◆ **Work to complete**: Please, could you print all the lines below exactly, leaving out the pictures?

◆ **Given information**:
━━━━━━━━━━
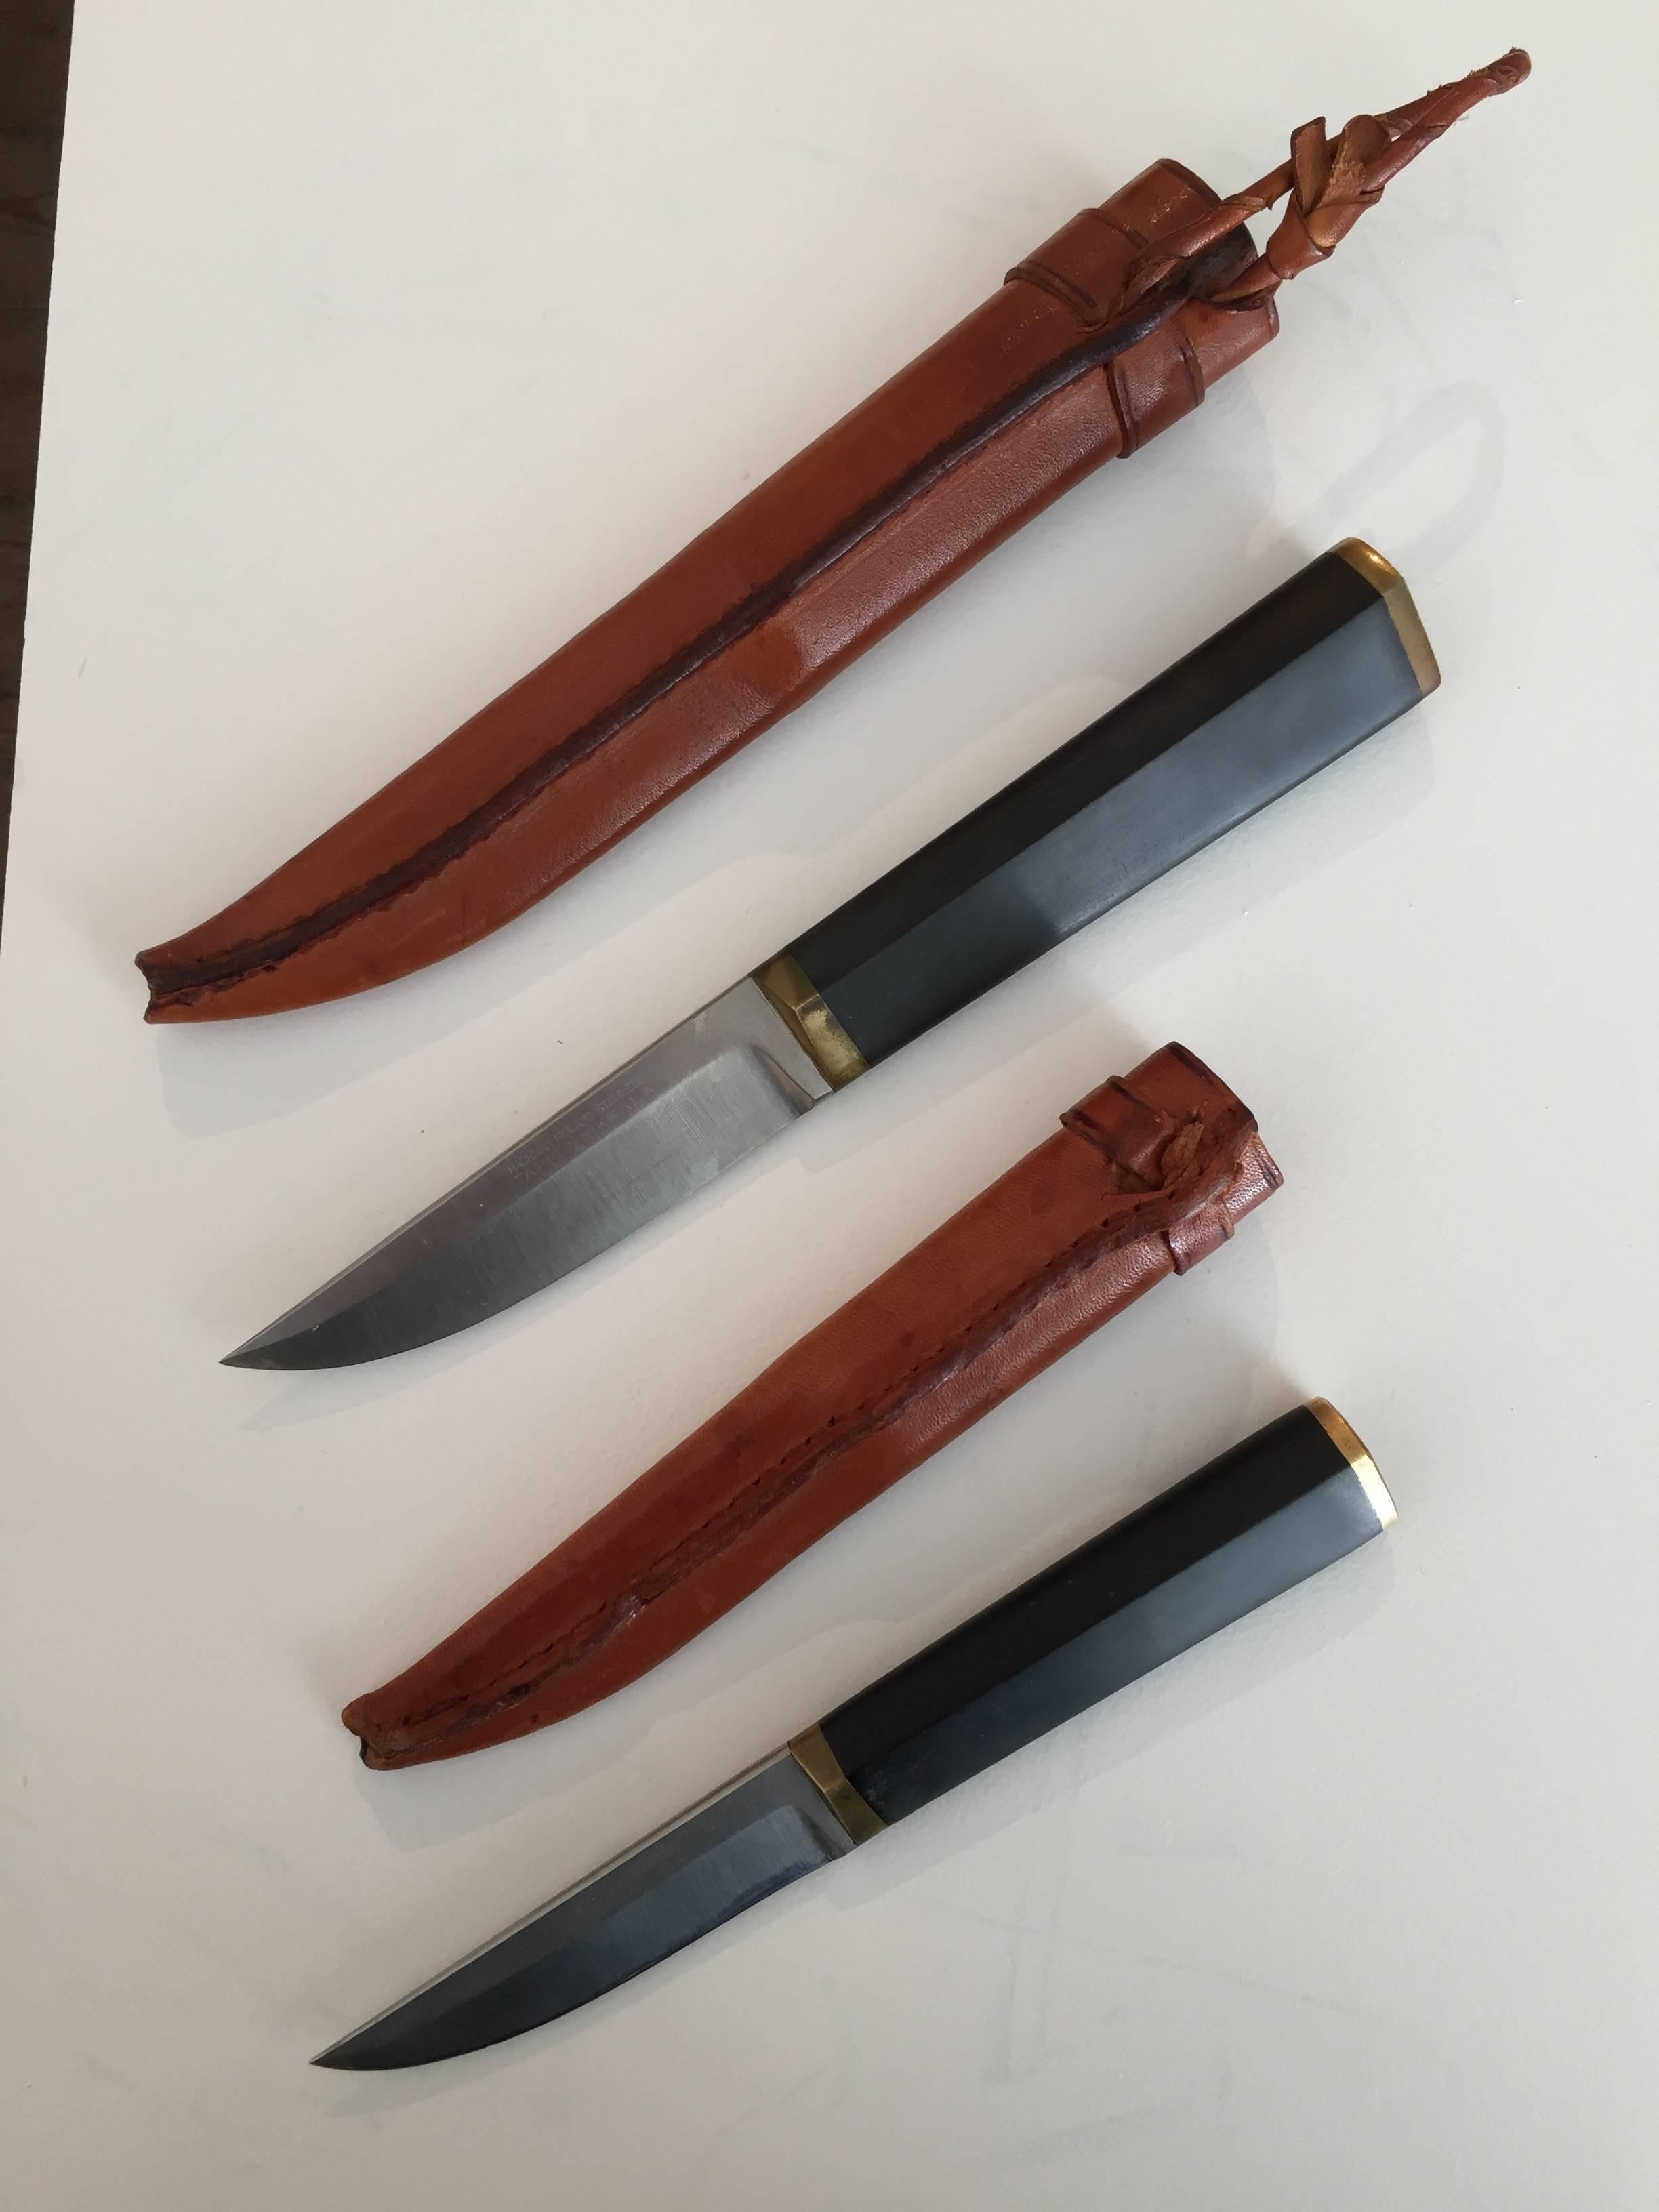 Set consisting of a large and smaller knife designed by Tapio Wirkkala.
Rare to find a set of the two sizes. Overall a hard to find Wirkkala piece.
Both knives in good very sharp condition with no damage to the cutting sides.
Comes with original
━━━━━━━━━━
◆ **Solution for this problem**:
 Set consisting of a large and smaller knife designed by Tapio Wirkkala.
Rare to find a set of the two sizes. Overall a hard to find Wirkkala piece.
Both knives in good very sharp condition with no damage to the cutting sides.
Comes with original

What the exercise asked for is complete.